LangGraph over a linear script: useful because the workflow has branching, interruptions, and section-by-section progression
Specialized nodes instead of one agent: useful because extraction, checking, writing, and interviewing have different objectives
Markdown output: useful because the result remains inspectable, portable, and easy to version
Human approval before write: useful because the workflow deals with personal facts, where silent mistakes are costly

Current Limitations

This is a working capstone project, not a polished production platform. Current limitations include:

URL ingestion depends on Firecrawl availability and API access
the project does not yet include an automated test suite
evaluation is qualitative rather than benchmark-driven
the system currently focuses on writing a fact dossier, not a broader identity platform

I state these limits explicitly because Ready Tensor evaluation emphasizes technical honesty and verifiable claims.

What This Project Demonstrates

From a capstone perspective, the project demonstrates:

a working multi-agent system
distinct agent roles with shared orchestration
LangGraph as the orchestration framework
at least three integrated tools
a meaningful human-in-the-loop step
runnable local setup and example usage

Why I Think This Is a Good Fit for the Capstone

This project is a good fit for the Mastering AI Agents capstone because it solves a real workflow problem that is hard to address with a single prompt. It requires routing, structured extraction, consistency checking, staged review, and controlled writing.
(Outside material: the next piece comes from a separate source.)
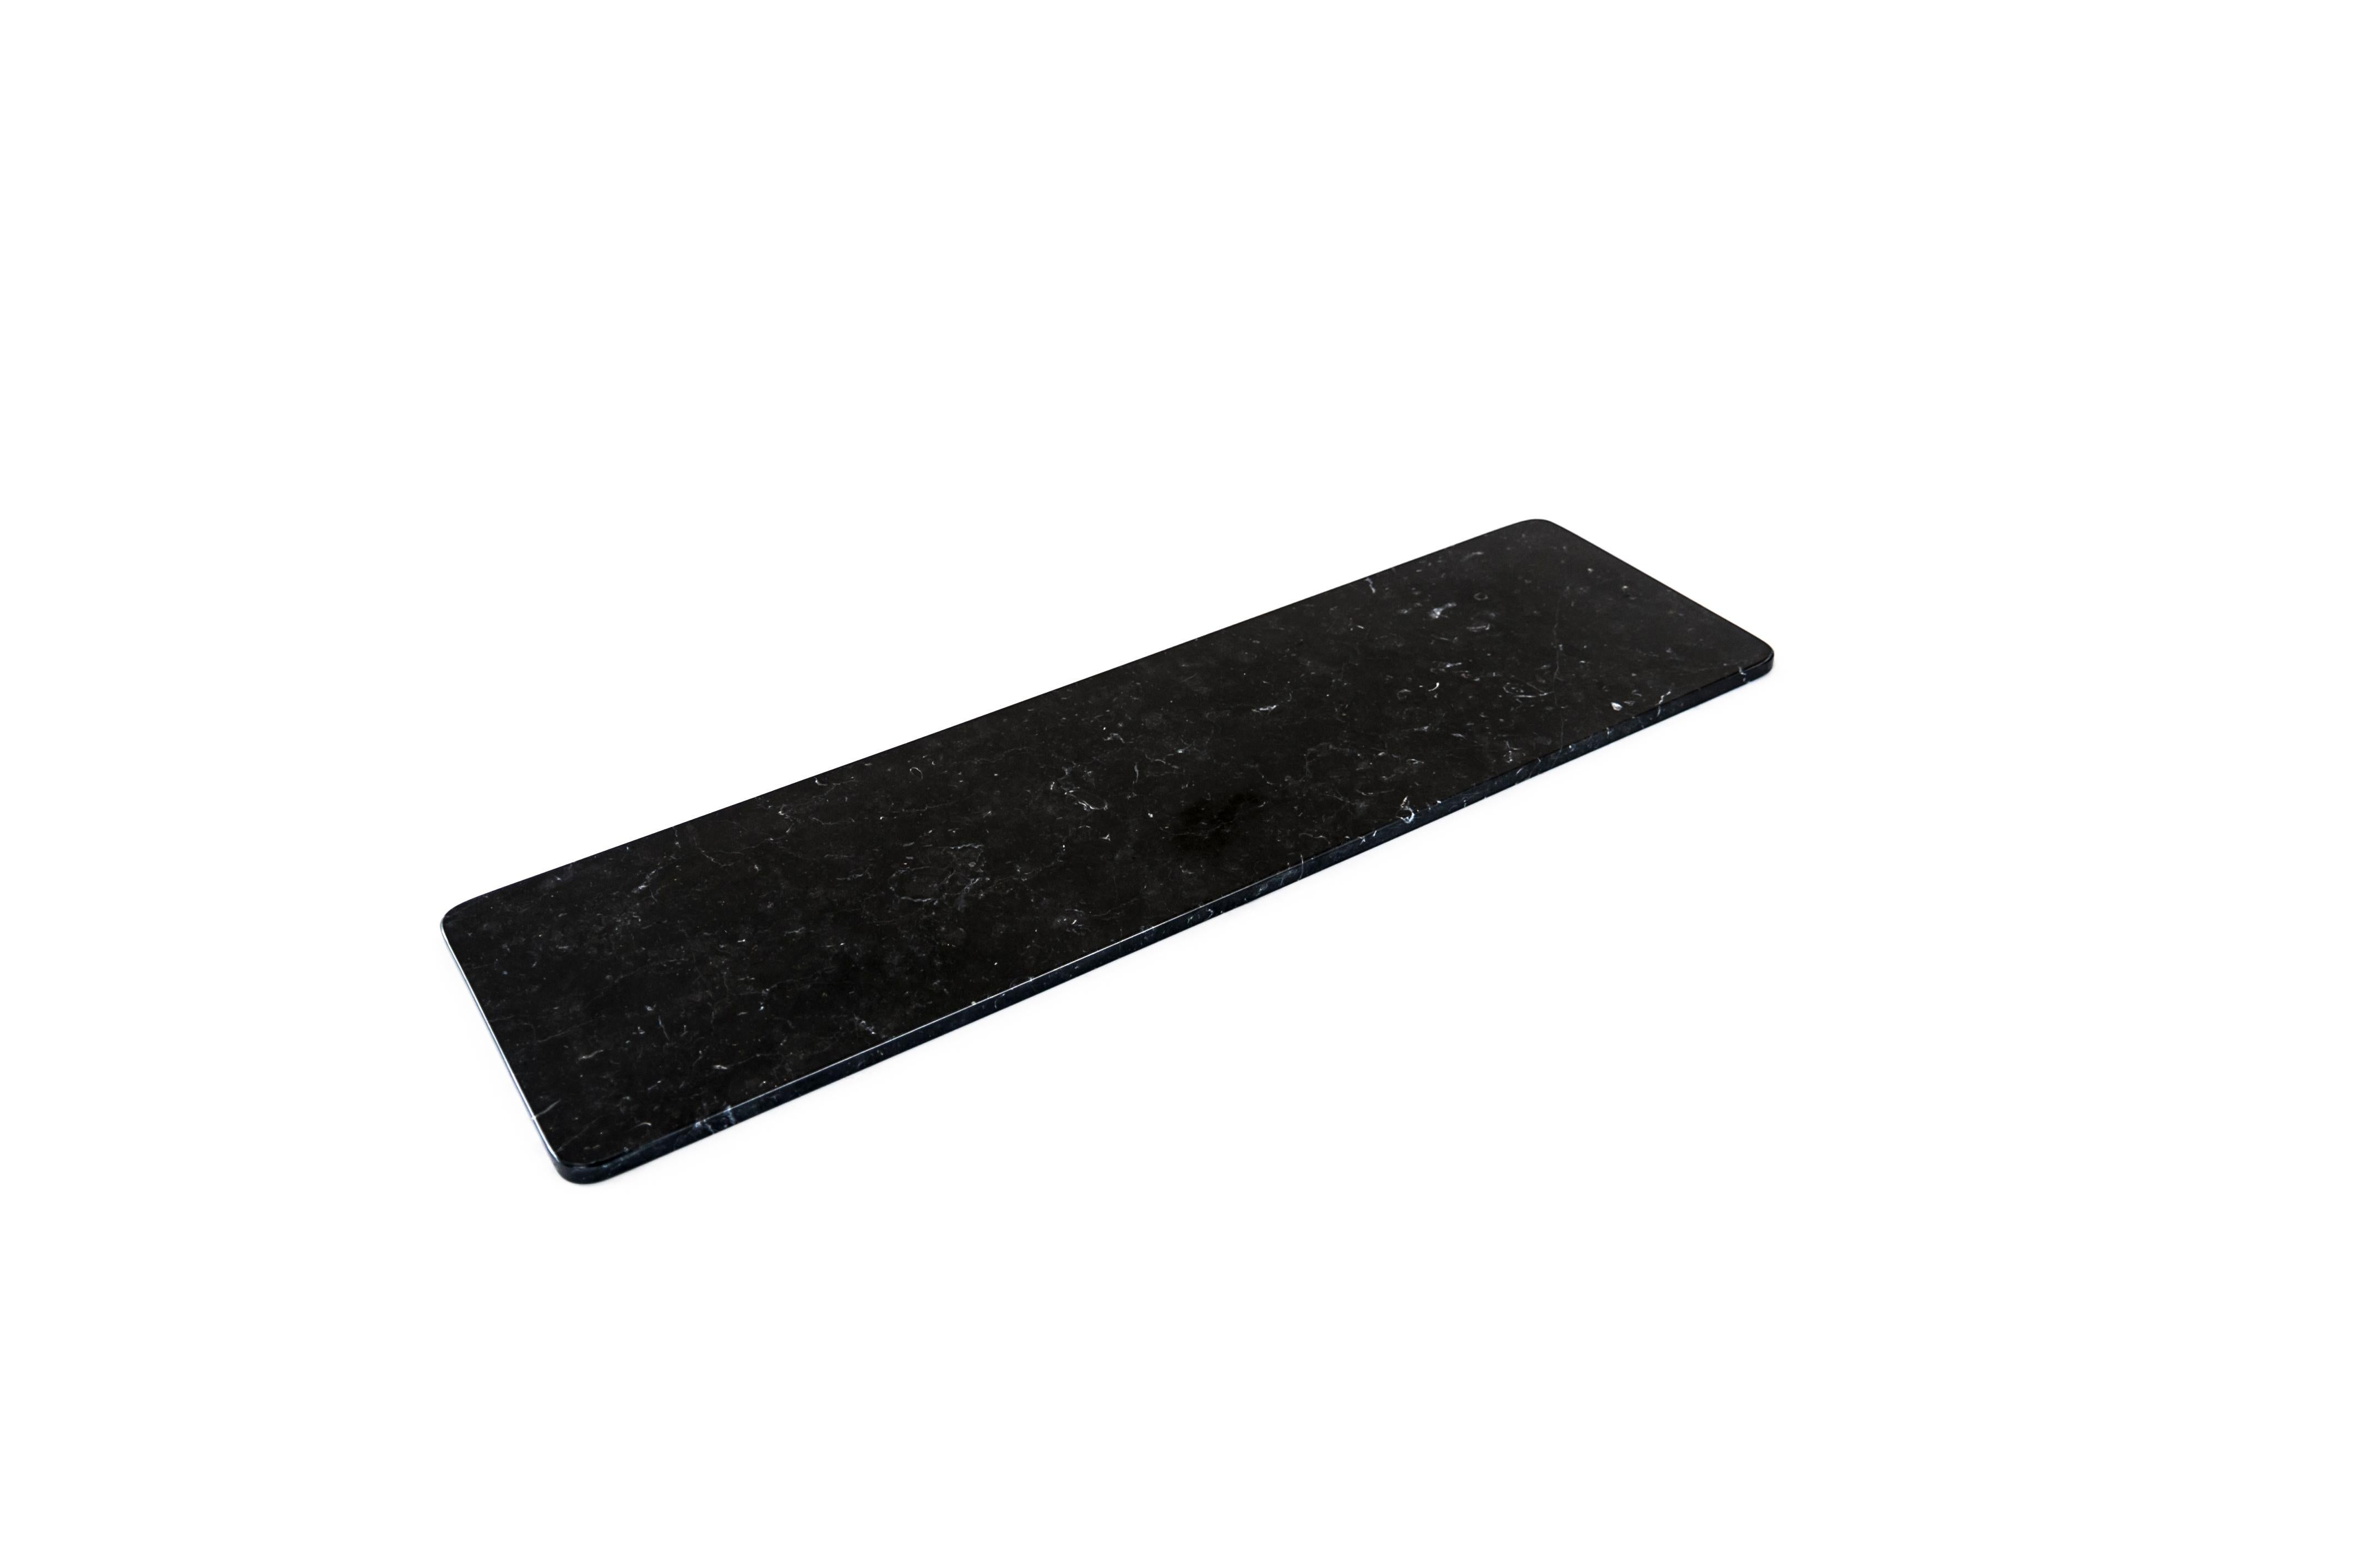 Long plate for salmon - cheese plate - sushi plate - serving dish in black Marquina marble.

Ideal for spa, hotel, restaurant and to serve food in a very sophisticate plate in your house. It can be used also as a nice display of sweets and

Those responsibilities are distributed across multiple cooperating agents and tools, with LangGraph coordinating the overall flow.

In other words, the system is not “multi-agent” in name only. The decomposition is central to how the project works.

Repository

GitHub: https://github.com/Zegor88/identity-os

Future Improvements

If I continue this project, the next improvements would be:

add automated tests for graph behavior and tool paths
add evaluation datasets for extraction and conflict classification quality
improve conflict resolution UX
support richer output artifacts beyond a single dossier file
add demo screenshots or a short walkthrough video

Conclusion

Personal Identity OS is a practical example of a local-first multi-agent pipeline that turns scattered professional inputs into a reviewed fact dossier. The project combines orchestration, tool use, human review, and structured writing into one coherent LangGraph workflow. It is designed to be understandable, runnable, and evaluable as a Ready Tensor capstone submission.